The Muscovite princes, who became tsars in 1549, always proclaimed their right to these lands and demanded their return from Poland, leading a slow kind of ‘Reconquista’. Poland lost the support of its Little Russian and Belarusian subjects in this struggle after it announced the religious Union of Brest in 1596 and began persecuting the Orthodox Church and its adherents. An Orthodox resistance movement emerged in the territories of Little Russia shortly thereafter.
The resistance’s strike force was the Cossacks – a community of free warriors that assembled in the steppe for battles with the Tatars and Turks. A Cossack could be a native of any country who professed Orthodox Christianity and was ready to fight for it. As Poland progressively persecuted the Orthodox religion, the Cossacks increasingly raised their sabers against it. One of the episodes in this struggle was described in a historical novella entitled ‘Taras Bulba’ by Nikolai Gogol. Although he was born in Poltava, which is now in modern Ukraine, the great author always wrote in Russian and criticized acquaintances who tried to create a separate ‘Ukrainian’ language.
In 1648, the leader (hetman) of the Cossacks, Bogdan Khmelnitsky, sparked a great uprising against Poland in defense of oppressed Orthodoxy. After winning a number of victories, he triumphantly entered Kiev and was met by church leaders. He then created a state – the Zaporozhian Host – which in many ways resembled the rebellious republics of the Donbass now recognized by Russia.
In 1654, after the resolutions of a Zemsky Sobor (a kind of parliament representing feudal classes) in Moscow and a Rada (a kind of people’s assembly) in Pereyaslavl near Kiev, Khmelnitsky’s state became part of Russia.

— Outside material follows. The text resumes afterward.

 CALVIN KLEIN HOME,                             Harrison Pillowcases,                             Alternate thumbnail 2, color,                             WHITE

Livadia Palace created as a summer retreat for Tsar Nicholas II and served as the location for the Yalta Conference in 1945, Yalta, Crimea. © DeAgostini / Getty Images
Tsar Aleksey Mikhaylovich was declared ‘Tsar of All Great, Little, and White Russia’ and began a grueling 13-year war with Poland, which ended with a partial victory – the lands on the left bank of the Dnieper were ceded to Russia, and the Russian Tsardom bought Kiev, the ancient capital of Rus on the right, for 146,000 silver rubles and seven tons of silver, which the richest Polish families divided among themselves.
Subsequently, many Little Russians from the territory of modern Ukraine moved north and settled throughout the vast reaches of Russia, making careers both in the church and at court. The word ‘Ukraine’ was not used as a place name at all during this period – in both Russian and Polish it meant ‘borderland’ or ‘frontier’. Its use as a name referring to the territories around Kiev only began in the 18th century, when these lands really did become a borderland during the constant wars between Russia and Turkey.

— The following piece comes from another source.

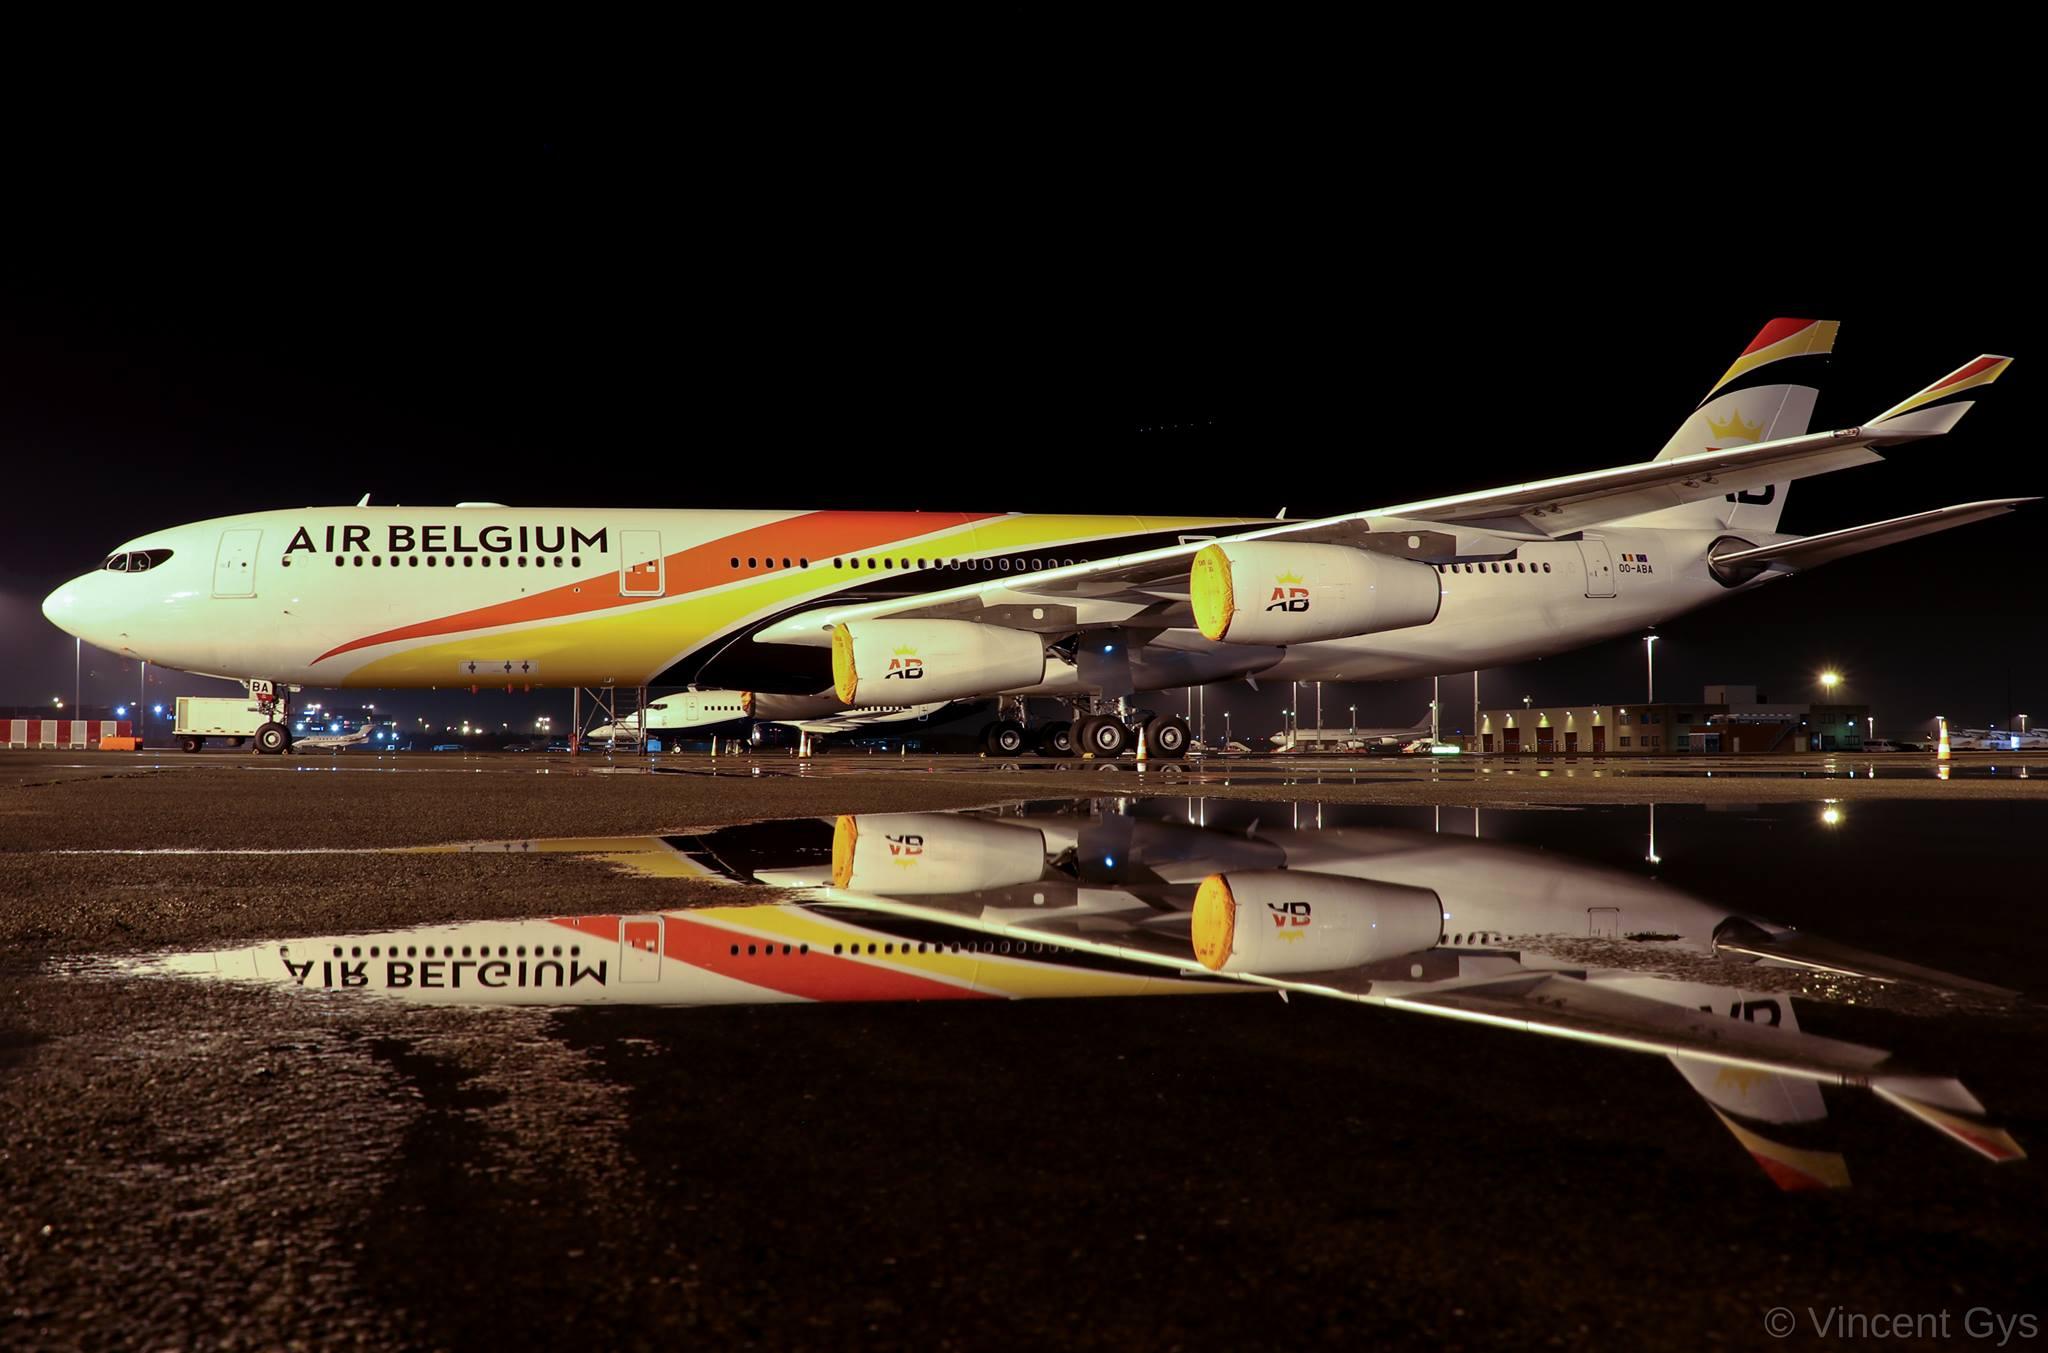 Air Belgium Airbus A340-300 – reg. OO-ABA. (Foto: Vincent Gys)

The integration of Little Russians into Russia was not even disrupted by the adventure of Hetman Mazepa, who betrayed Peter the Great out of personal interests and sided with the Russian leader’s enemy King Charles XII of Sweden. Mazepa was abandoned by everyone except his personal guards, and a fierce guerrilla war began against the Swedish troops that entered the territory of modern Ukraine. The first attempt to exploit the concept of ‘Ukrainian separatism’ ended in disaster for the party that tried to employ it.
By the middle of the 18th century, the integration of Little Russians and Russia was extremely tight. Singer and musician Alexey Razumovsky, born near Chernigov, became the secret husband of Peter’s daughter, Empress Elizabeth Petrovna. Moreover, the brother of this ‘Night Emperor’, Kirill, was simultaneously the hetman of the Zaporozhian Host and president of the St. Petersburg Academy of Sciences. Later, his numerous legitimate and illegitimate descendants formed an influential clan in the aristocracy of the Russian Empire.